▶ [INPUT DATA]:
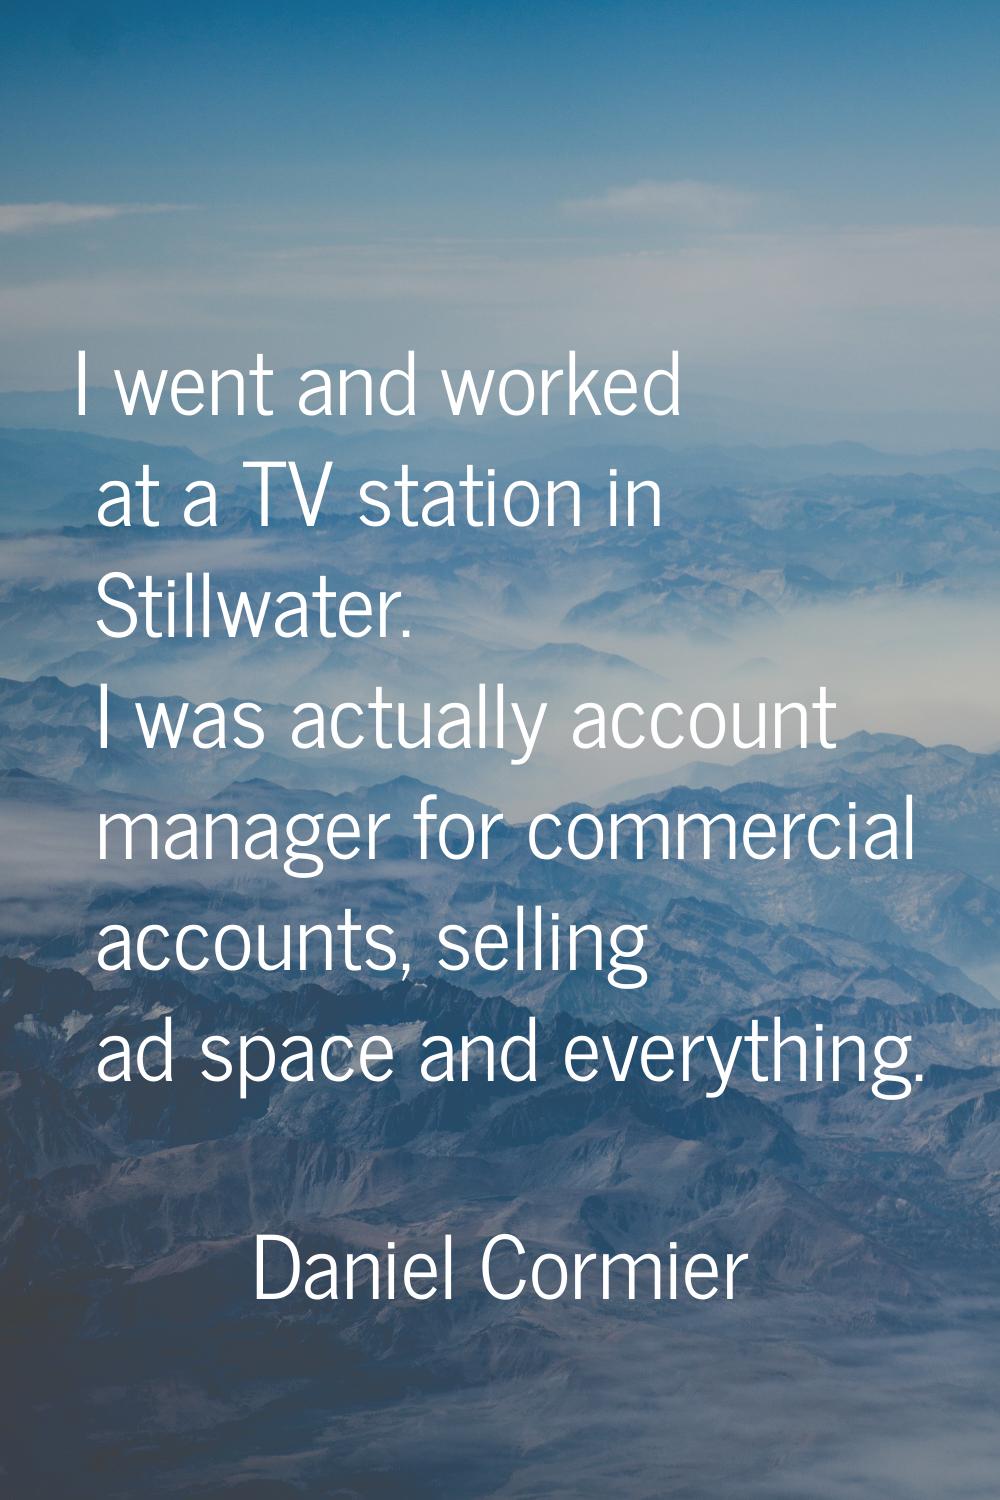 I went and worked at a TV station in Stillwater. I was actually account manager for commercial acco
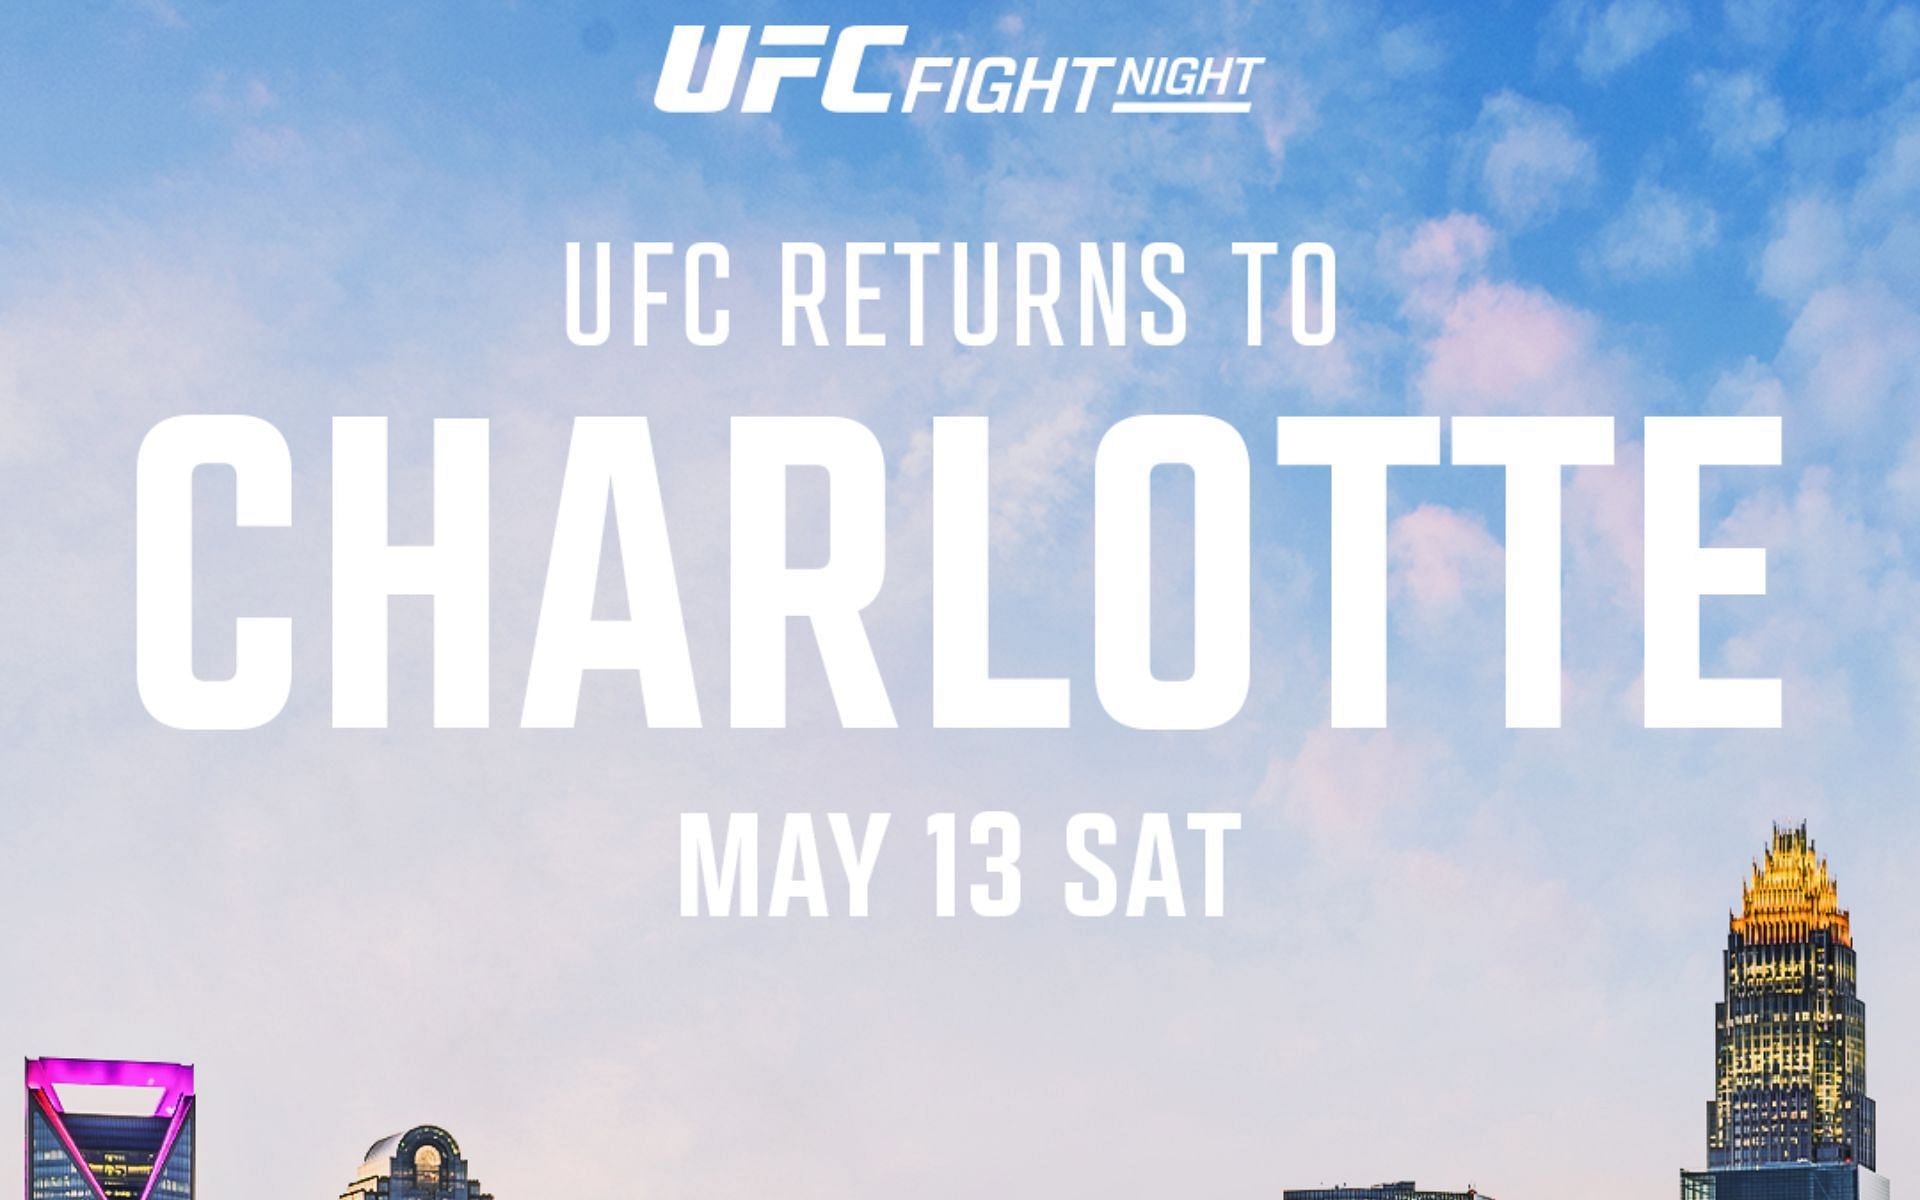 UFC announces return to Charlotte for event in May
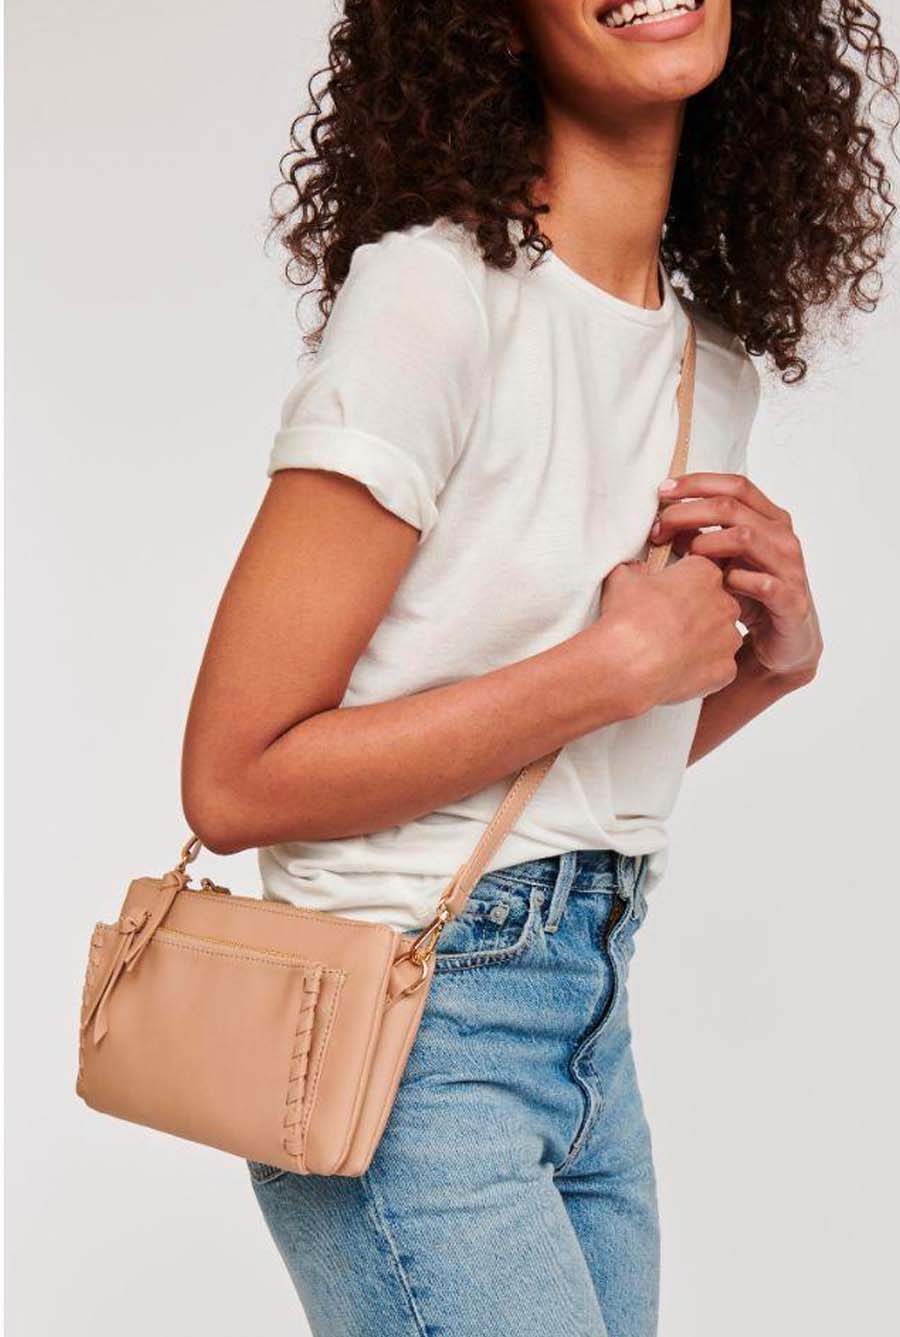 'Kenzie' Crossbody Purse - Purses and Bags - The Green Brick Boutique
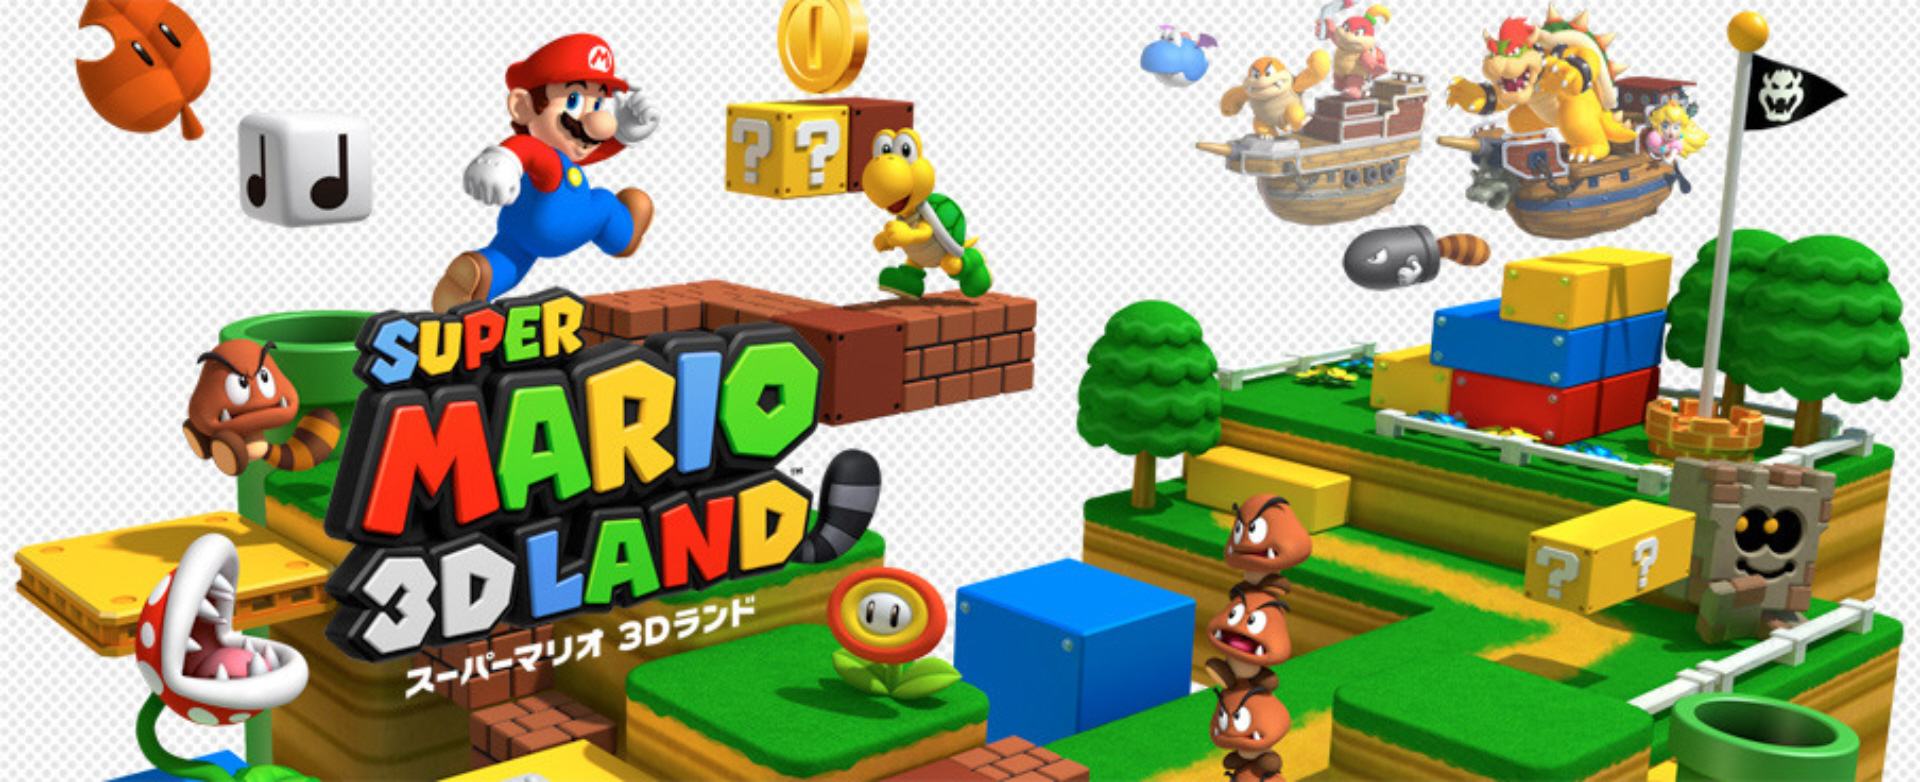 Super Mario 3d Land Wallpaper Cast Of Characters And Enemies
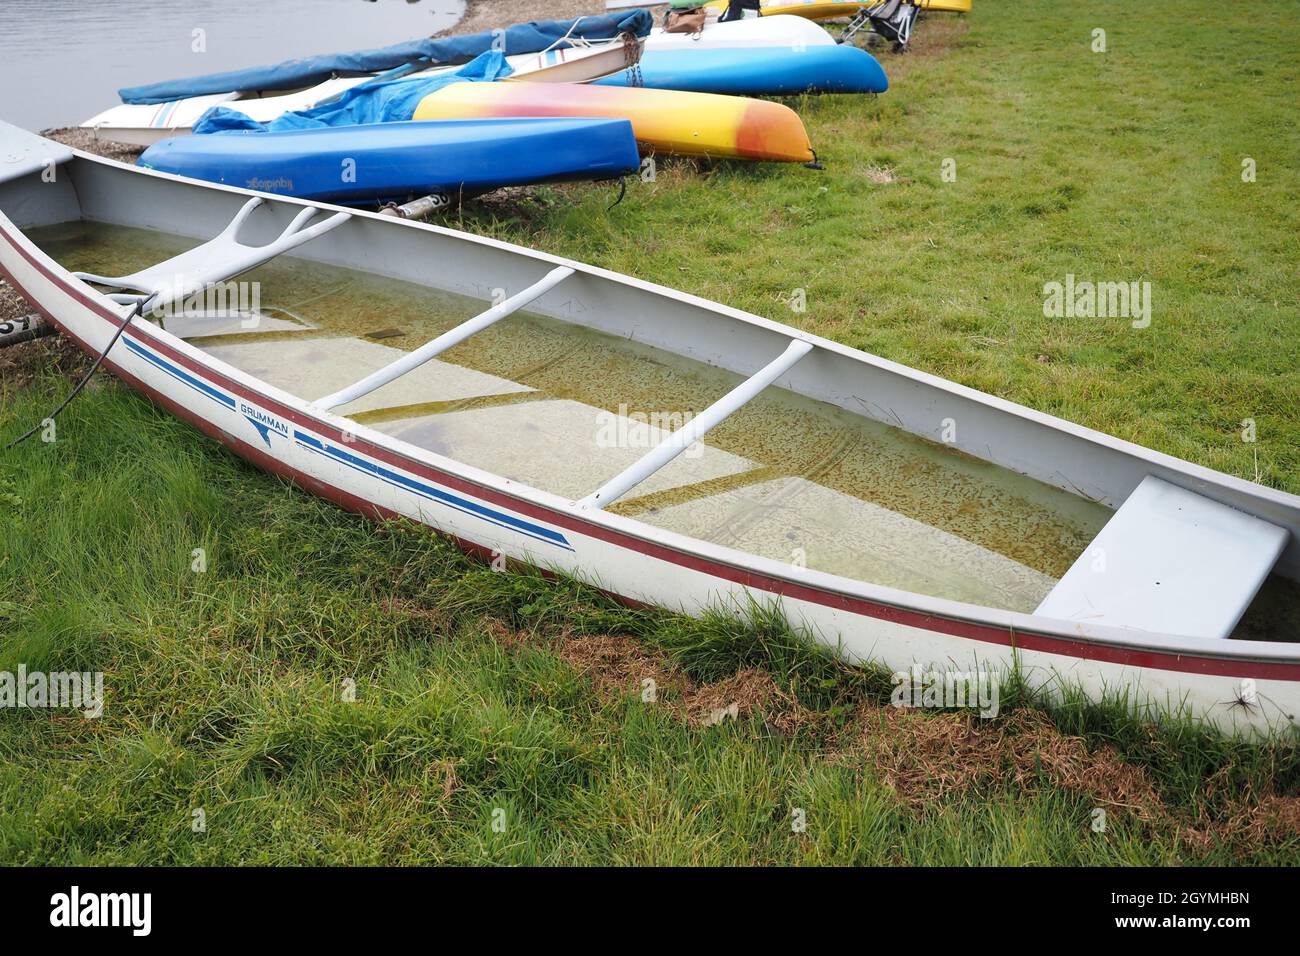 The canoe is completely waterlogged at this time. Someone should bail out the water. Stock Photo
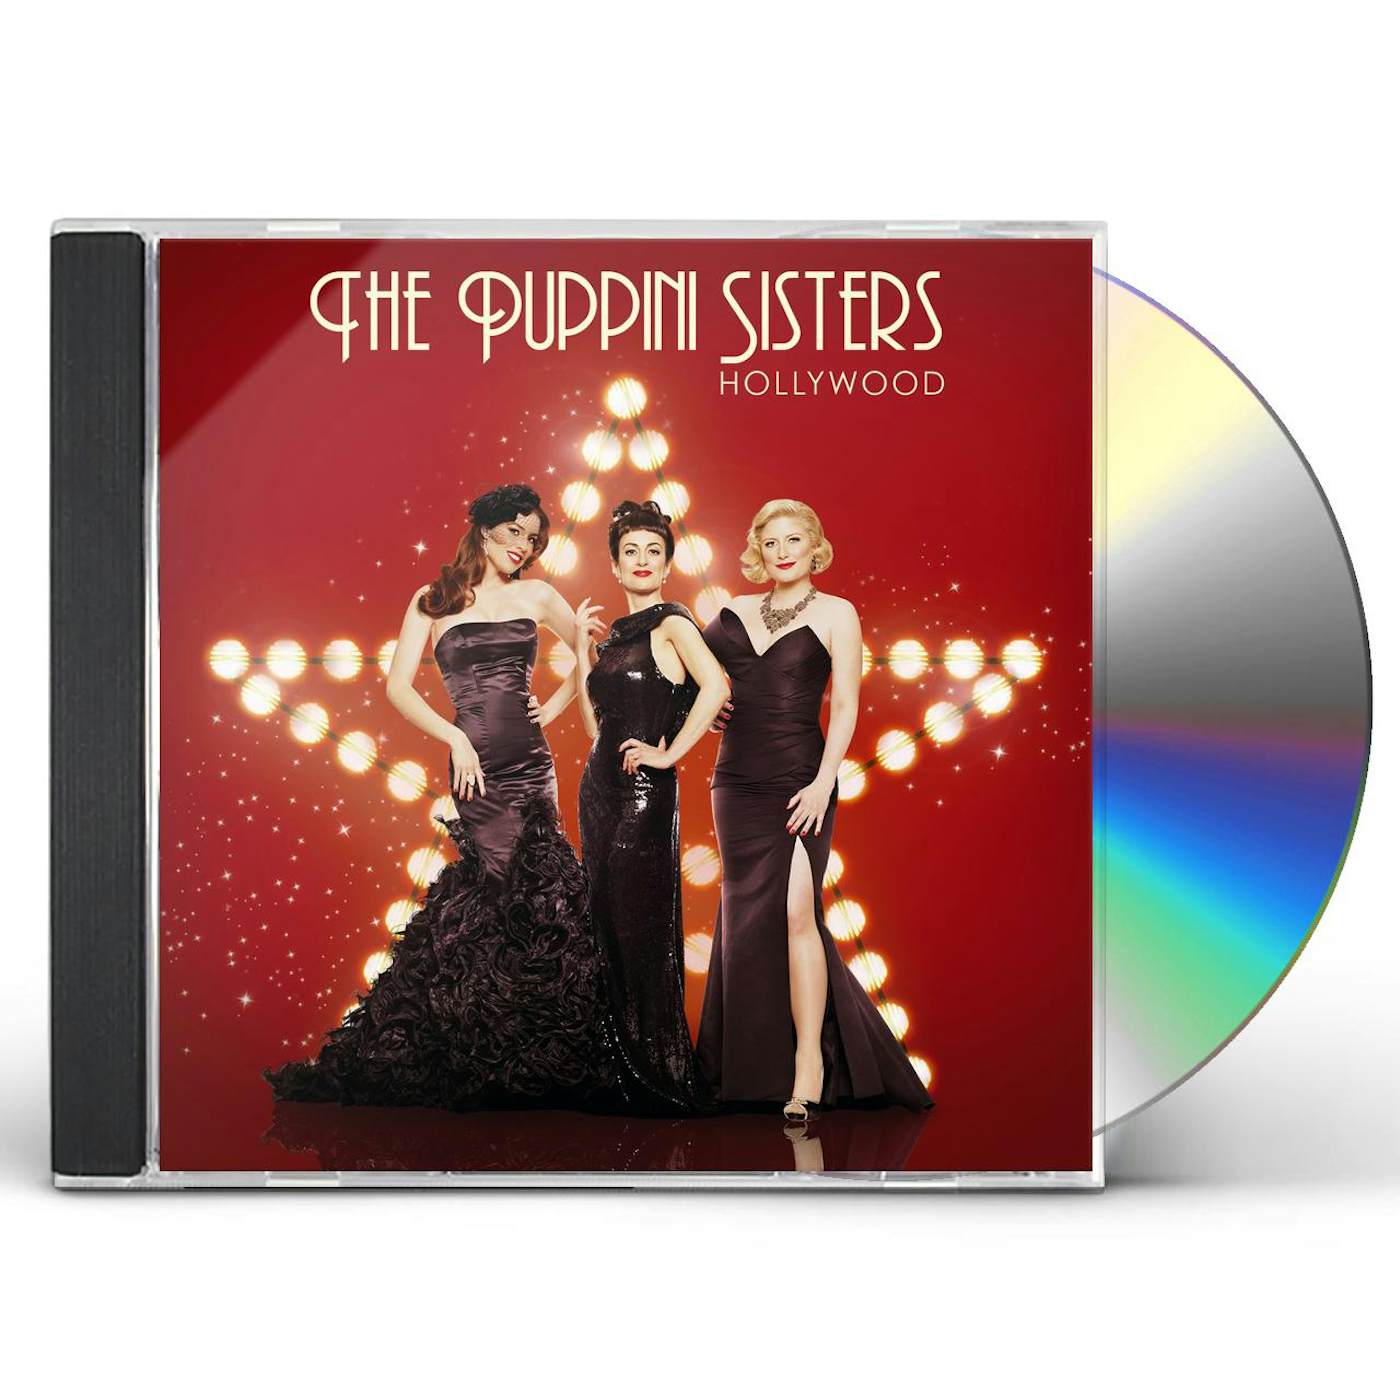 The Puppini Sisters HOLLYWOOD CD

▶ [EXERCISE REQUIREMENTS]:
From the first line to the last, return the material above exactly, apart from the pictures.

▶ [ANSWER TO THIS TASK]:
 I went and worked at a TV station in Stillwater. I was actually account manager for commercial acco
 UFC announces return to Charlotte for event in May
 'Kenzie' Crossbody Purse - Purses and Bags - The Green Brick Boutique
 Super Mario 3d Land Wallpaper Cast Of Characters And Enemies
 The canoe is completely waterlogged at this time. Someone should bail out the water. Stock Photo
 The Puppini Sisters HOLLYWOOD CD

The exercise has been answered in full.